In the zipfR library, vgc objects are used to represent
a vocabulary growth curve (VGC). This can be an observed VGC from an
incremental set of sample (such as a corpus), a randomized VGC
obtained by binomial interpolation, or the expected VGC according to a
LNRE model.
With the vgc constructor function, an object can be initialized
directly from the specified data vectors. It is more common to read
an observed VGC from a disk file with read.vgc, generate
a randomized VGC with vgc.interp or compute an expected
VGC with lnre.vgc, though.
vgc objects should always be treated as read-only.

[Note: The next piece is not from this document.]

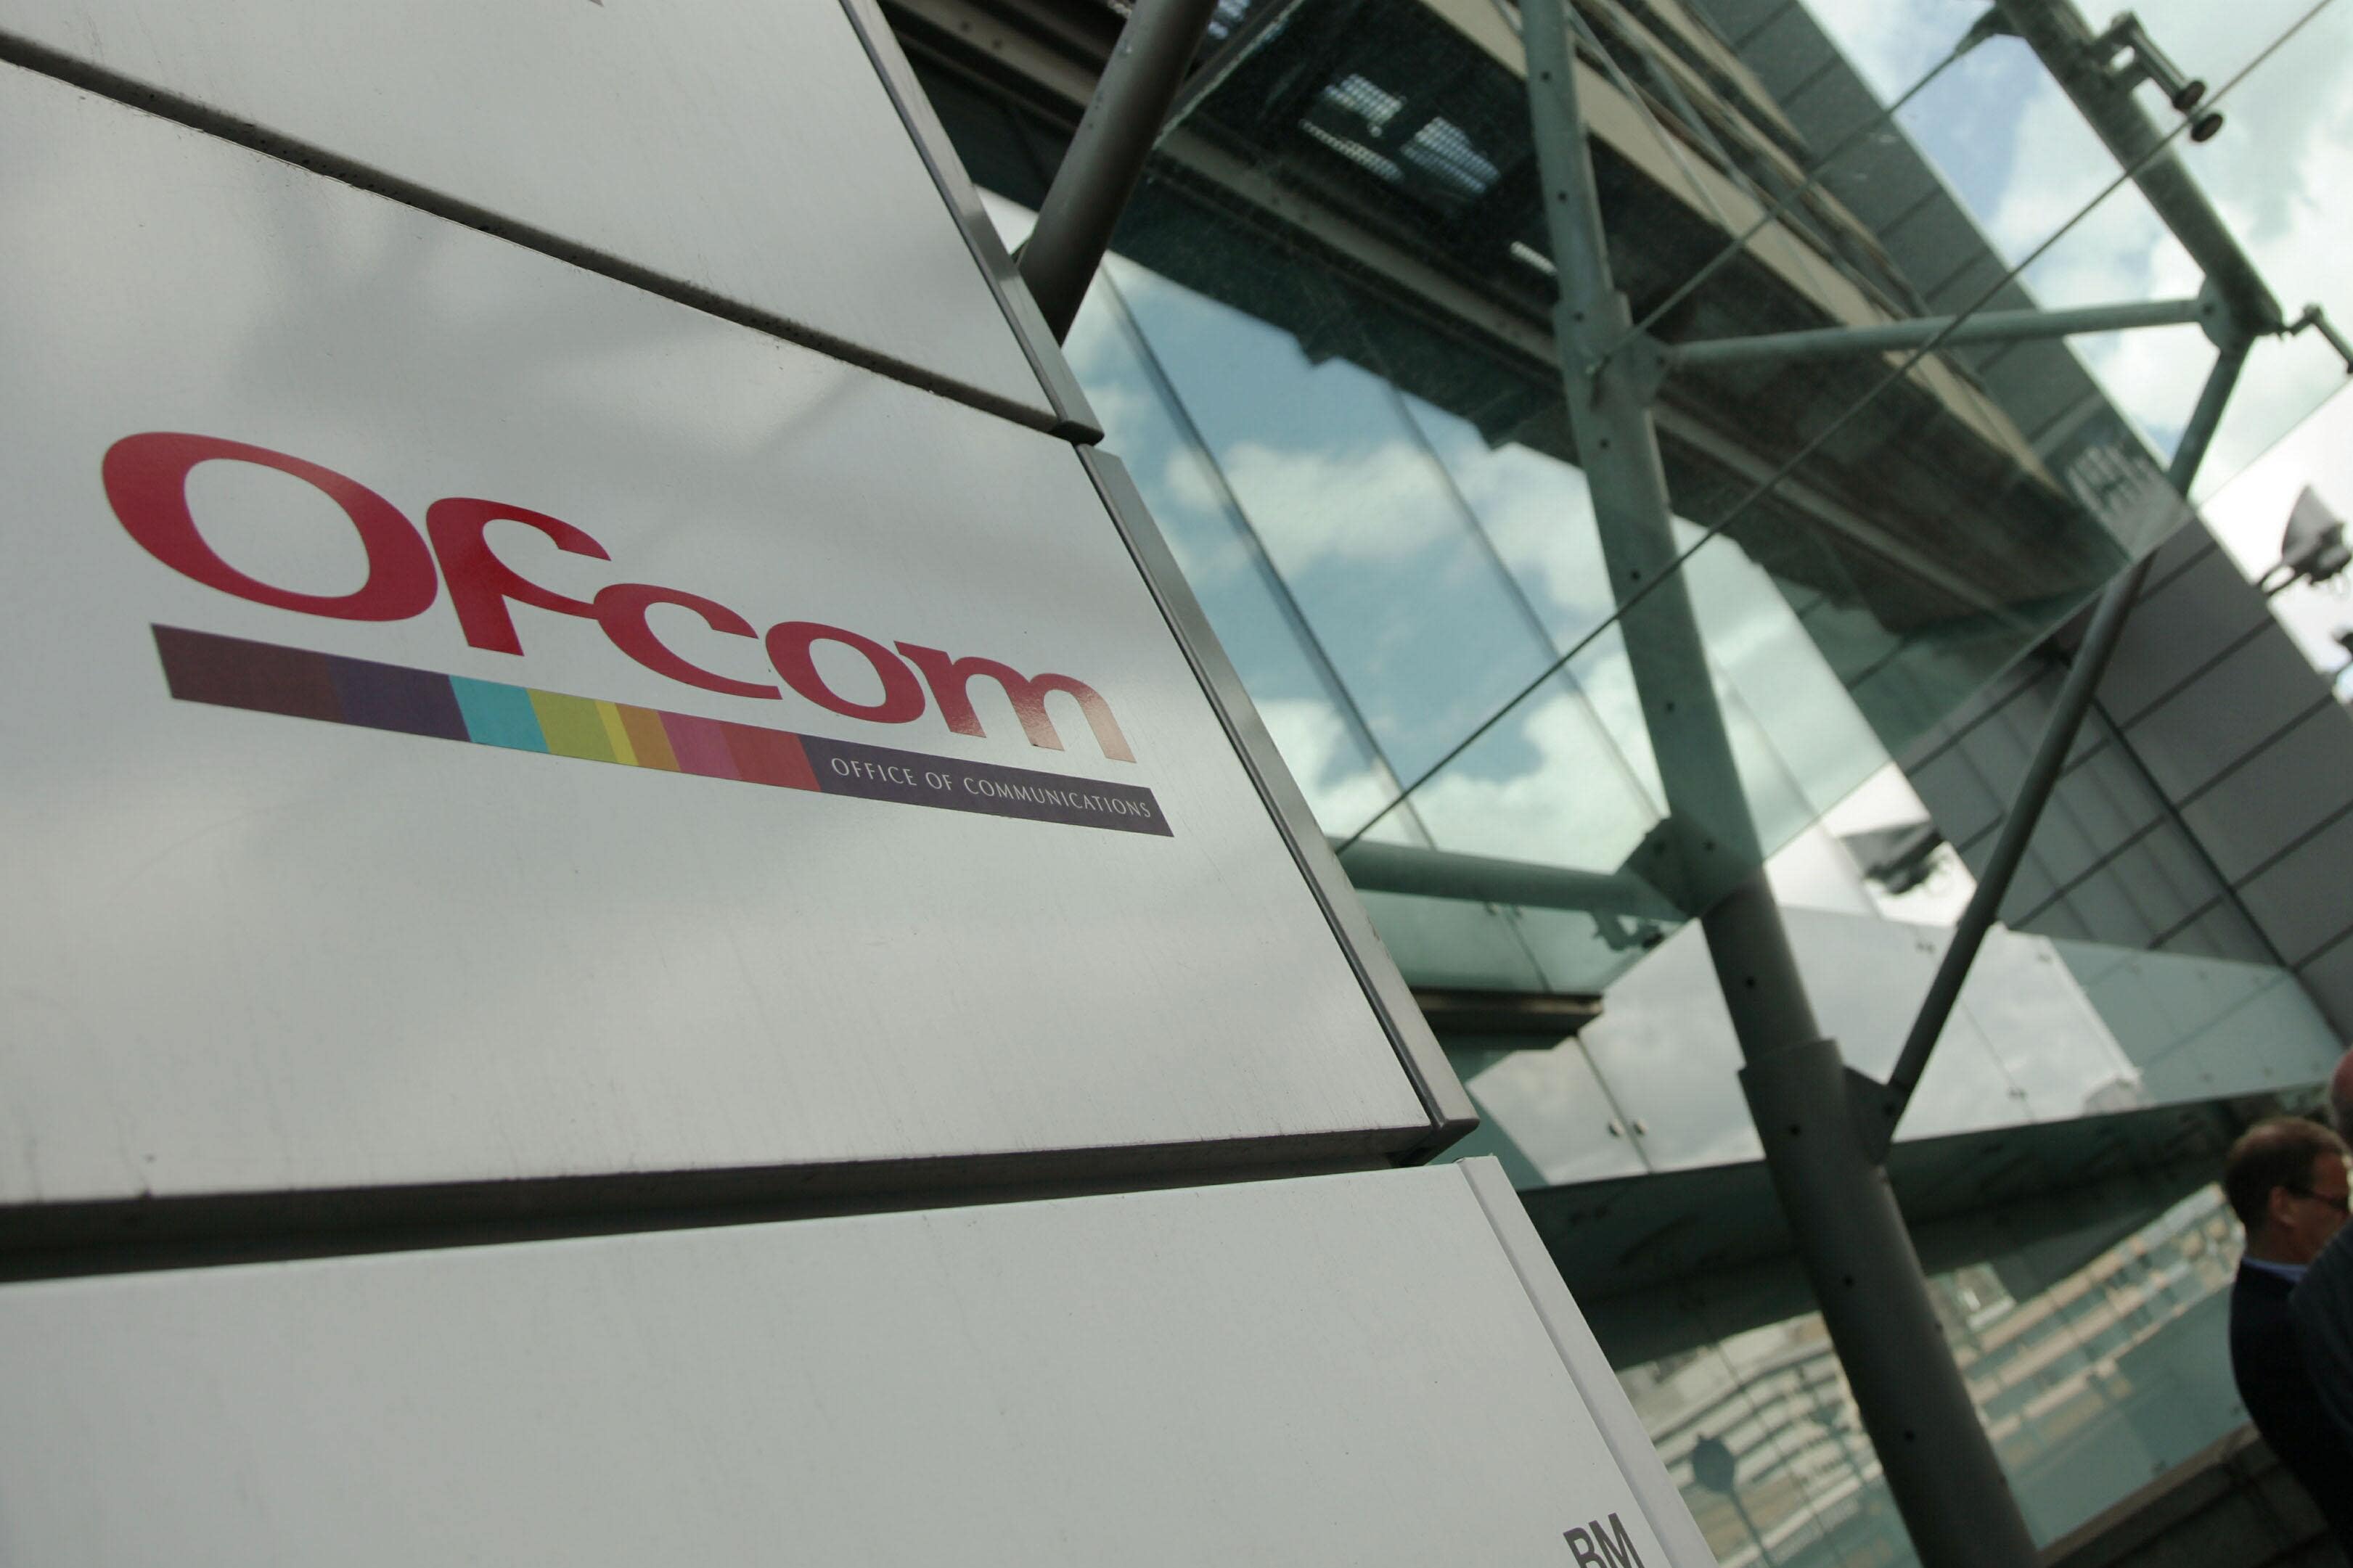 The offices of Ofcom (Office of Communications) in Southwark, London.

integer vector of sample sizes N for which vocabulary
growth data is available
V
vector of corresponding vocabulary sizes V(N), or
expected vocabulary sizes E[V(N)] for an interpolated or
expected VGC.
Vm
optional list of growth vectors for hapaxes V_1(N),
dis legomena V_2(N), etc. Up to 9 growth vectors are accepted
(i.e. V_m(N) for m ≤ 9). For an interpolated or
expected VGC, the vectors represent expected class sizes
E[V_m(N)].
VV
optional vector of variances
Var[V(N)] for an interpolated or expected
VGC
VVm
optional list of variance vectors
Var[V_m(N)] for an expected VGC. If
present, these vectors must be defined for exactly the same frequency
classes m as the vectors in Vm.
expected
if TRUE, the object represents an interpolated
or expected VGC (for informational purposes only)
check
by default, various sanity checks are performed on the
data supplied to the spc constructor. Specify
check=FALSE to skip these sanity test, e.g. when
automatically processing data from external programs that may be
numerically unstable.
Details
If variances (VV or VVm) are specified for an expected
VGC, all relevant vectors must be given. In other words, VV
always has to be present in this case, and VVm has to be
present whenever Vm is specified, and must contain vectors for
exactly the same frequency classes.
V and VVm are integer vectors for an observed VGC, but
will usually be fractional for an interpolated or expected VGC.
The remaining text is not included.